Tuesday, May 23, 2006

Panther Shadow Painting








Shadow Paintings

Dates: Monday, April 10th and Wednesday, April 12th

Groups Participating: Panther Boys and Girls Club Teens

Attendance: 5 teens

Big idea: Create 3 dimesional sculptures that caste shadows creating 2 dimensional paintings.

Directions: Each teen had an overhead desklamp above the butcher paper, a hot glue gun and various wooden materials to work with. They also started by building a wooden stand to start thier sculpture with, that being a wide, flat wooden piece with a long wooden dowel attached by being drilled and stuck into it. From thier stands they built thier shadow paintings depending on the challenge presented. Here are some challenge ideas...

1) Create a shadow painting that looks like the first letter of your name.

2) Create a shadow that creates a shape (square, triangle, rectangle, circle), however, the sculpture itself looks nothing like the shape.

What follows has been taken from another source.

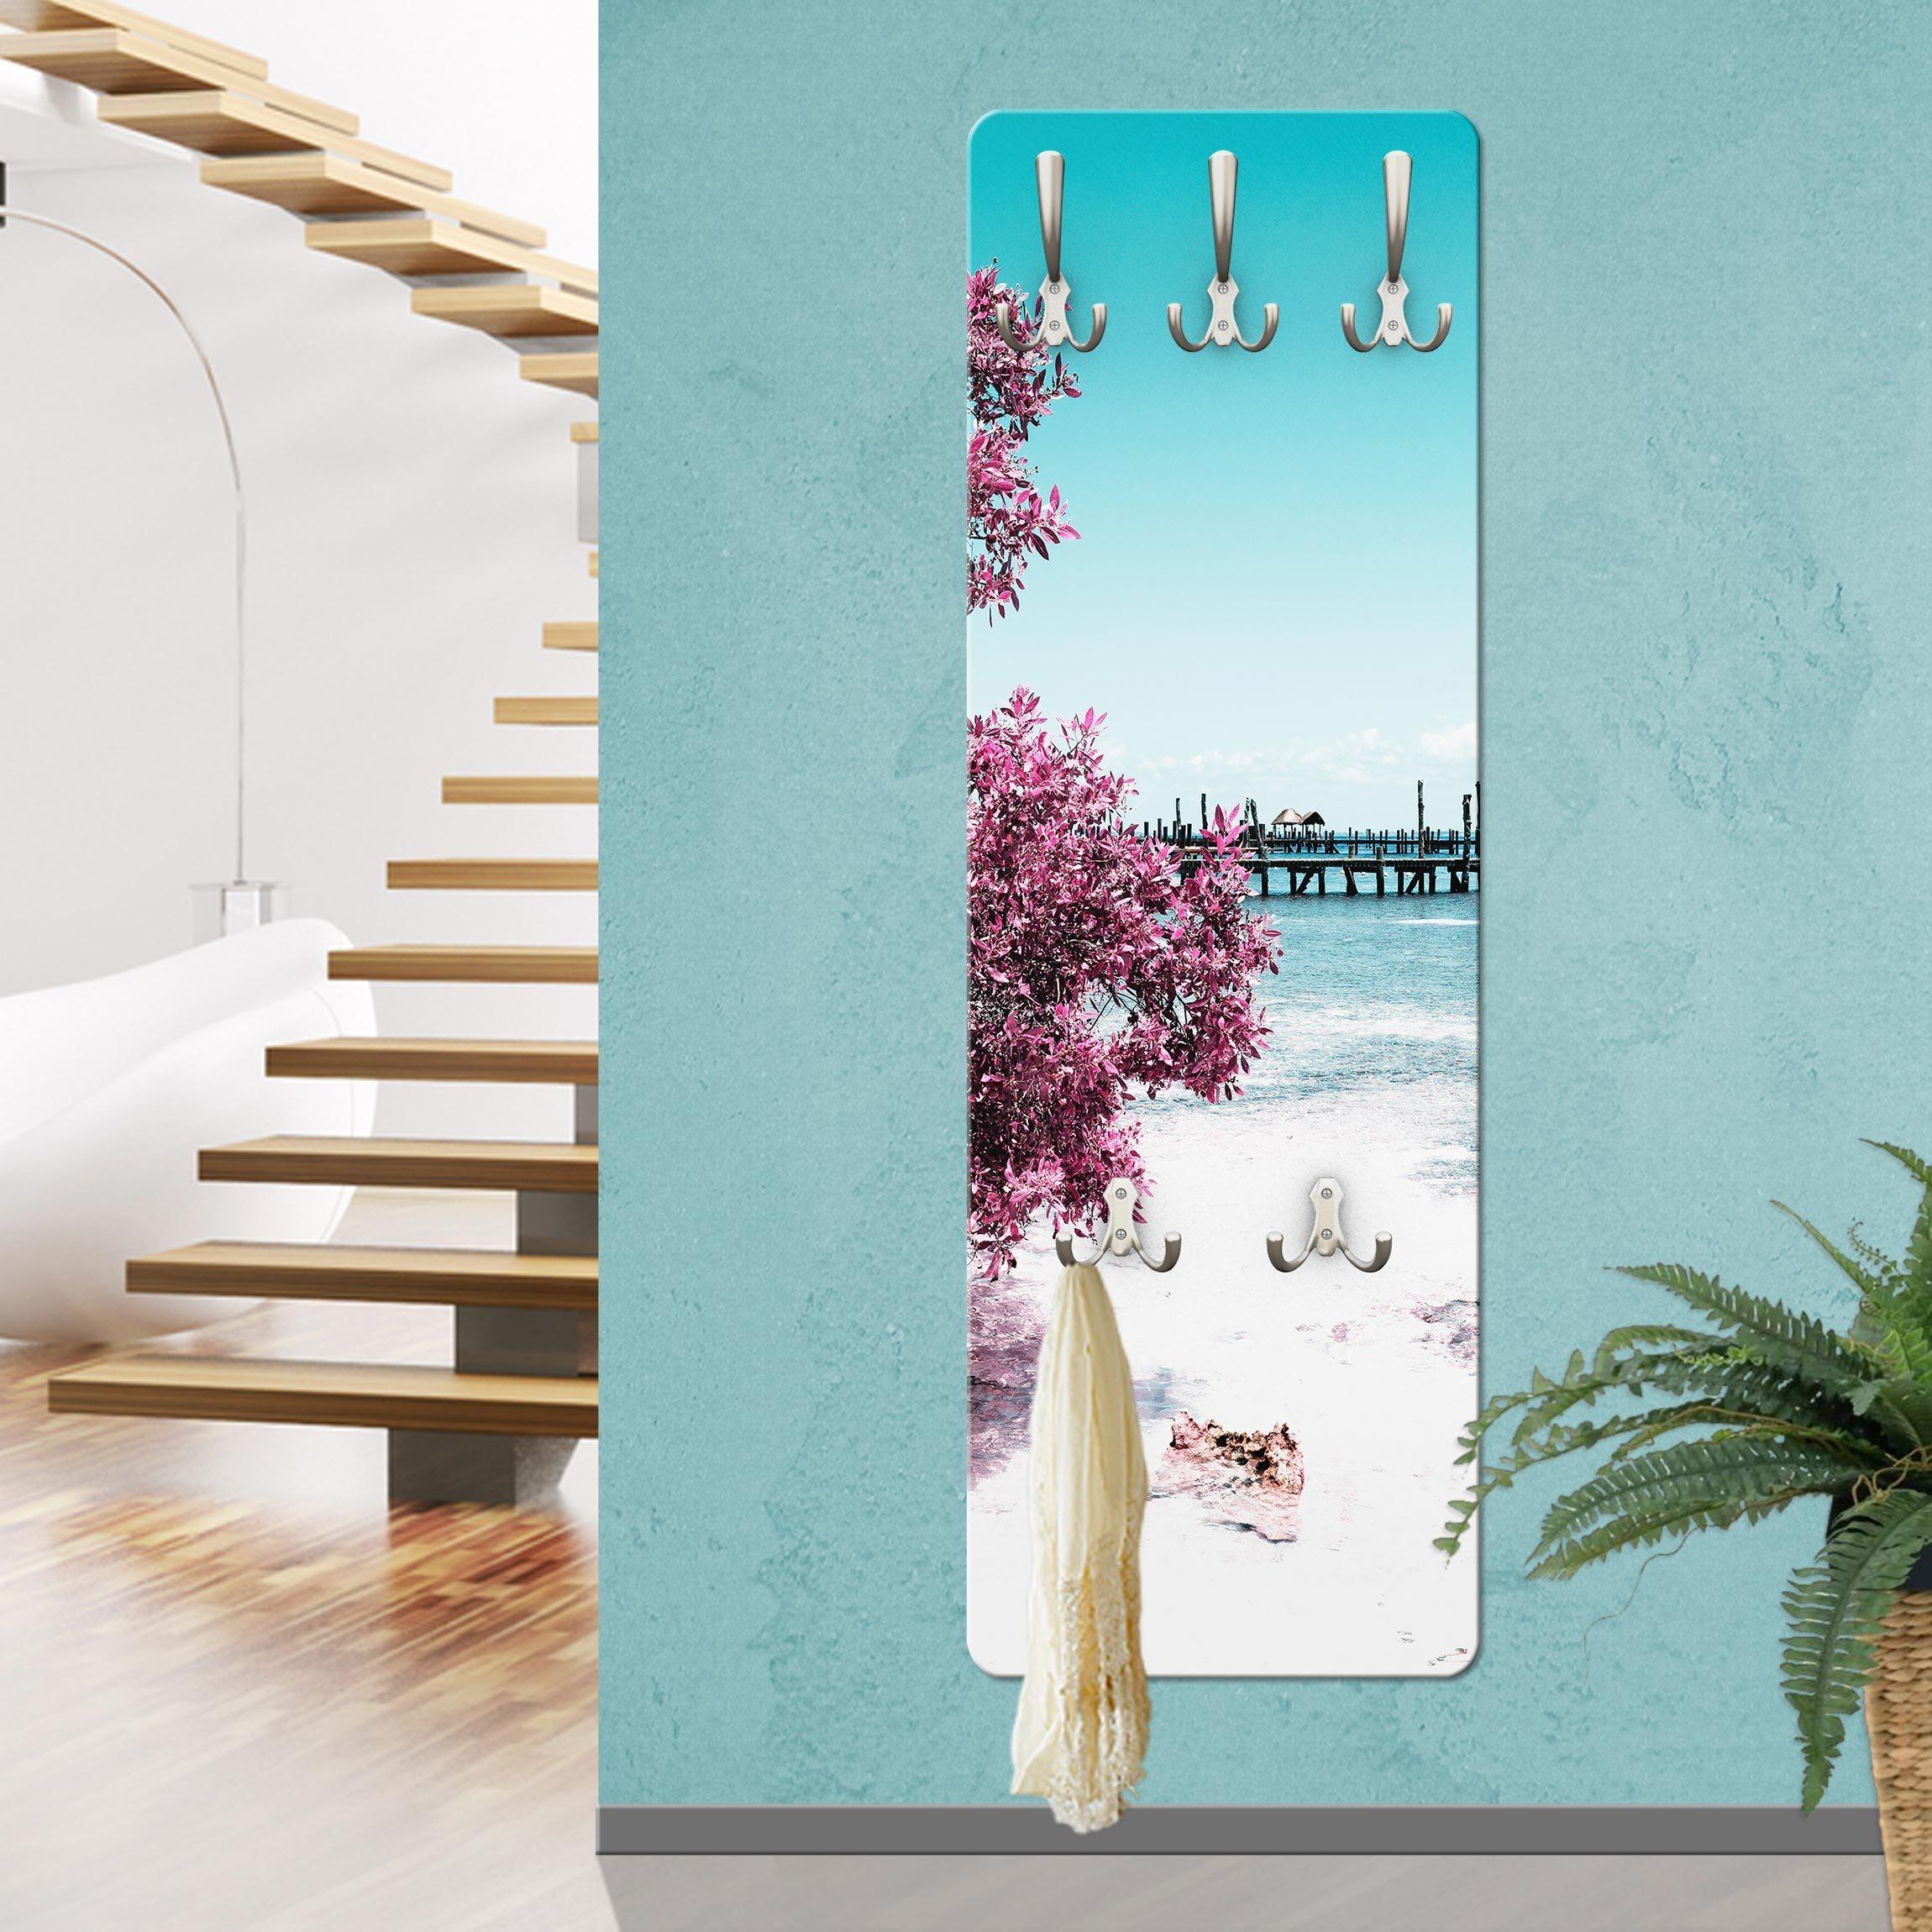 Bilderwelten Wandgarderobe »Paradies Strand Isla Mujeres« | Flur & Diele > Garderoben > Garderobenhaken | Weiß - Matt | Holz - Faserplatte - Metall | Bilderwelten

3) Create a shadow that looks like your favorite animal. Then trace it on a piece of paper to keep.

4) Create a sculpture that has a shadow that creates half an image, where the other half of the image is drawn on the table itself, therefore the image is incomplete without the light.

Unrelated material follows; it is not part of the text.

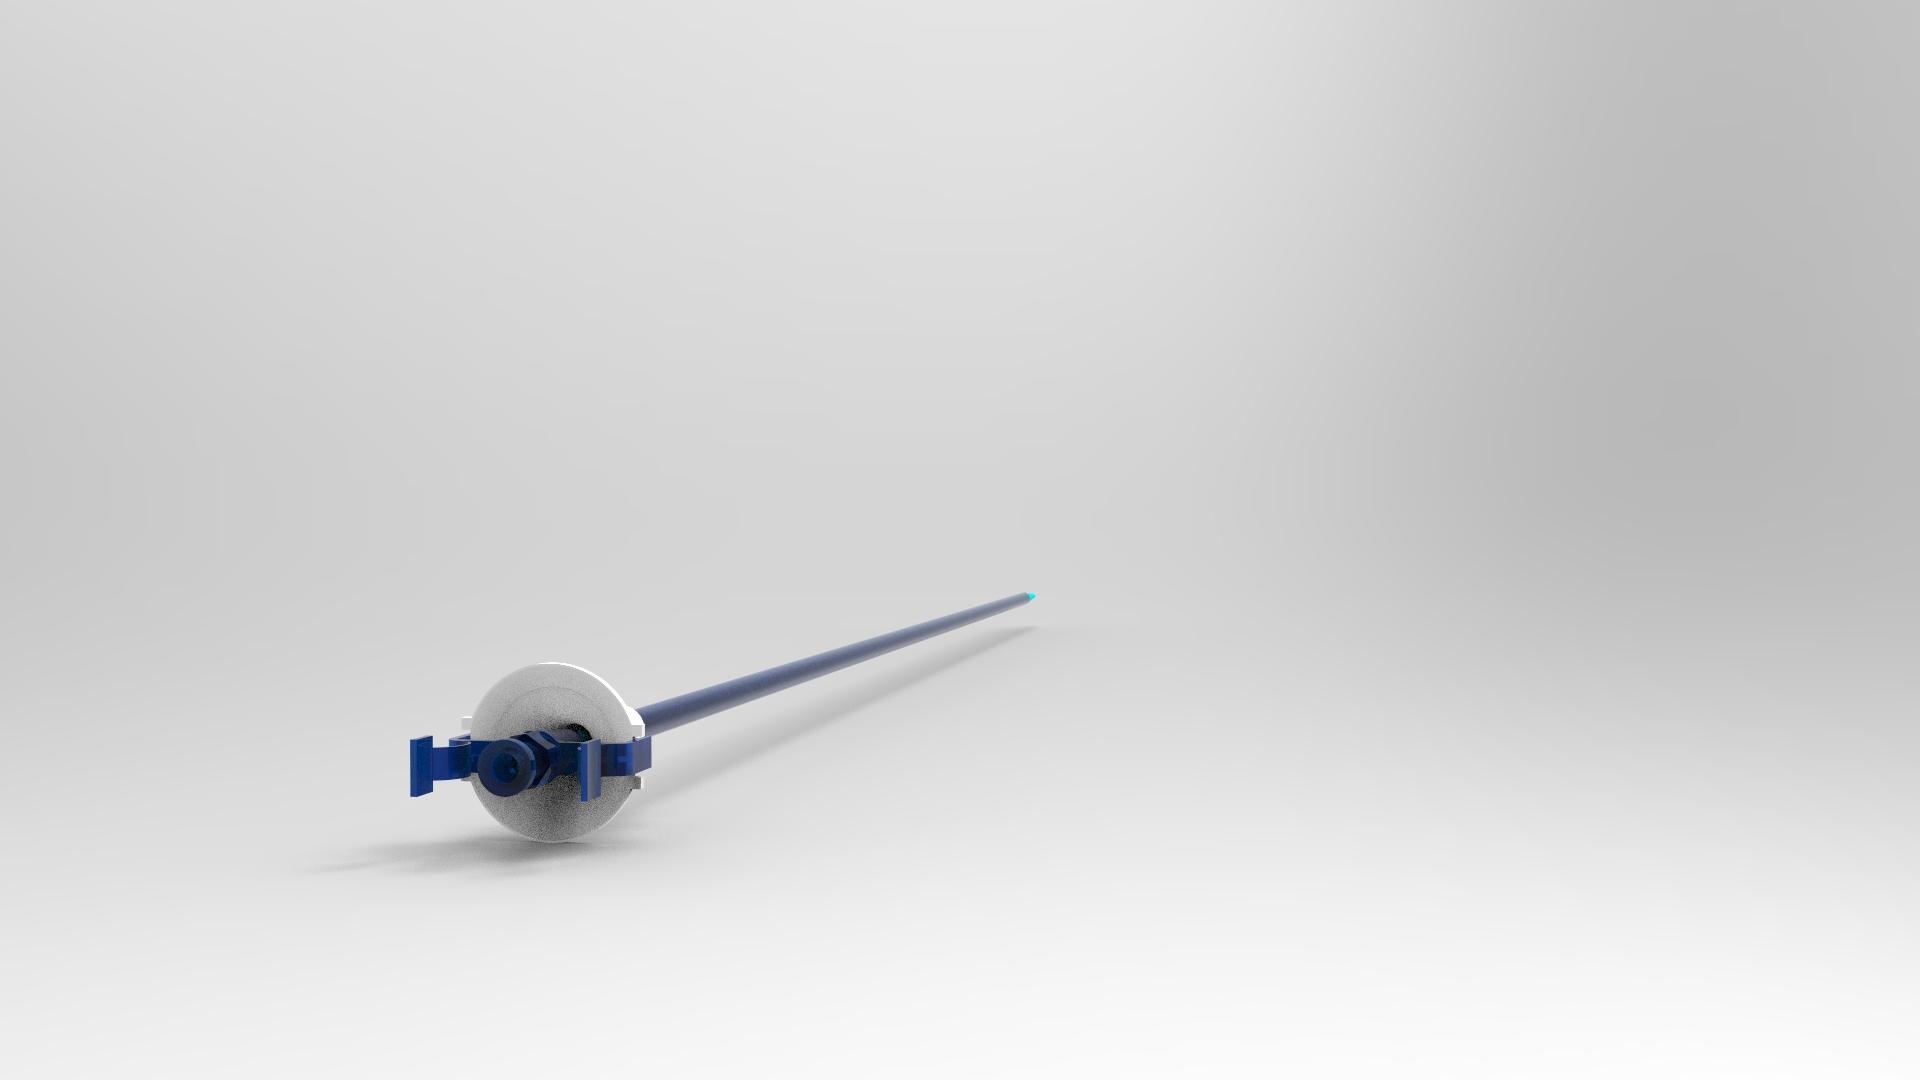 输尿管软镜鞘的构成-输尿管软镜鞘复用-输尿管软镜操作鞘

Attendance: Panther Boys and Girls Club Teens

Supplies: Overhead desk lamps, stools (to put lamps ontop of), vices (to tighten lamps onto stools), extra lightbulbs, butcher paper, hot glue guns, hot glue, various small wood pieces, other assorted craft materials, markers

Best part: Seeing the images come alive as they worked. This activity takes time and patience, but as you can see from the pictures when kid's got going they came up with some creative images. Also, putting the final sculptures on display in our "window gallery" for passer-biers to view. Even without the shadows they turned out looking like modern art.

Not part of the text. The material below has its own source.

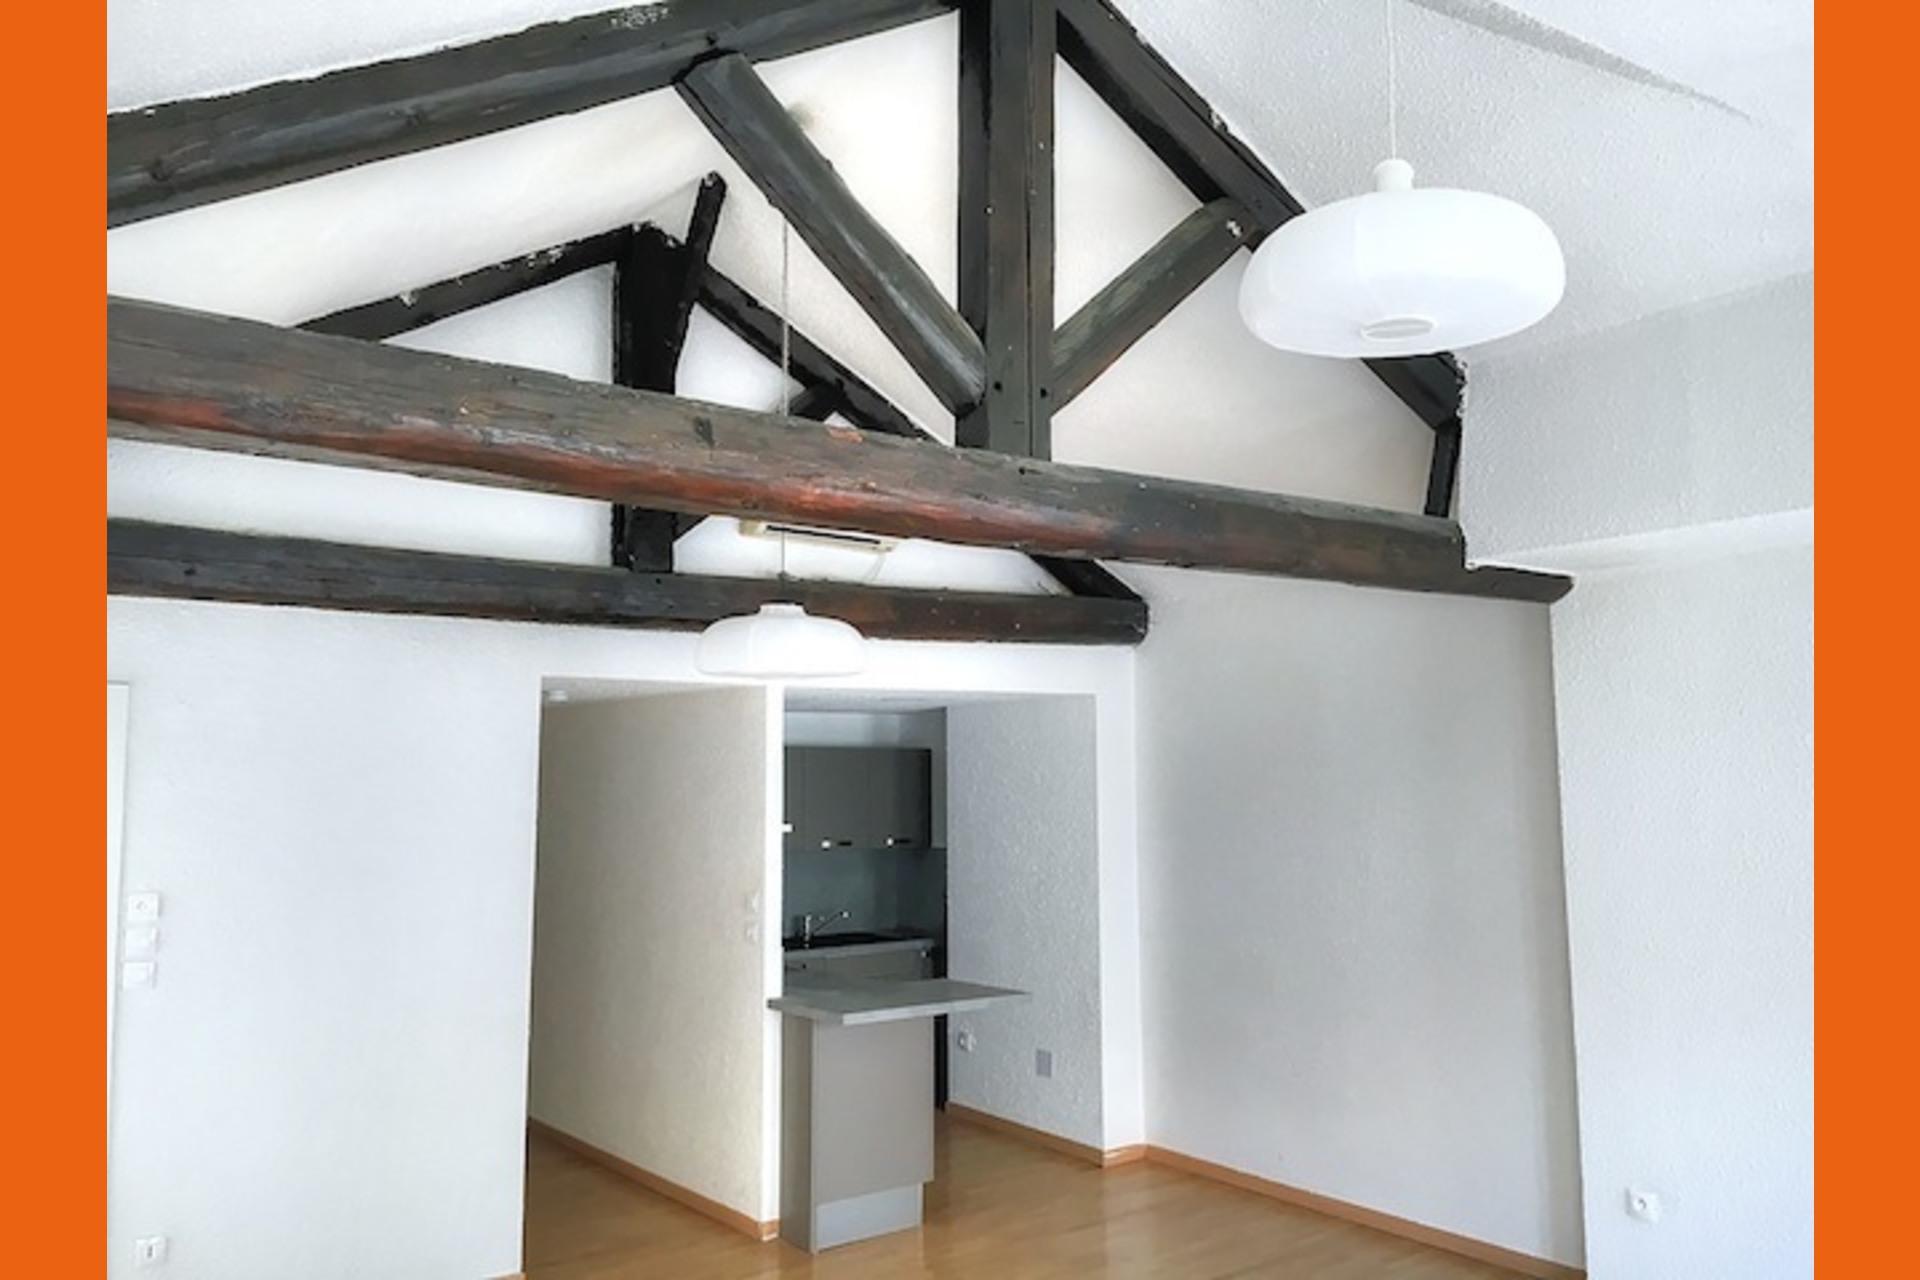 image 1 - Appartement À louer Metz - 3 pièces

Hardest part: Just as when we tried this in this past, the hardest part for our group was crafting stable structures that would not bend after a certain amount of time. This part took patience and some time learning the best way to craft the structures. Another challenge was keeping the sculptures themselves interesting looking, even without the shadows. This was best done by creating the lines in your shadow image through crafting the wooden pieces at variuos unexpected planes above the table. After learning that trick the sculptures started coming alive.
Improvements: Allow plenty of set up time, bring extra lightbulbs in case they burn out, and don't forget to give a quick reminder about the safety issues with glue guns.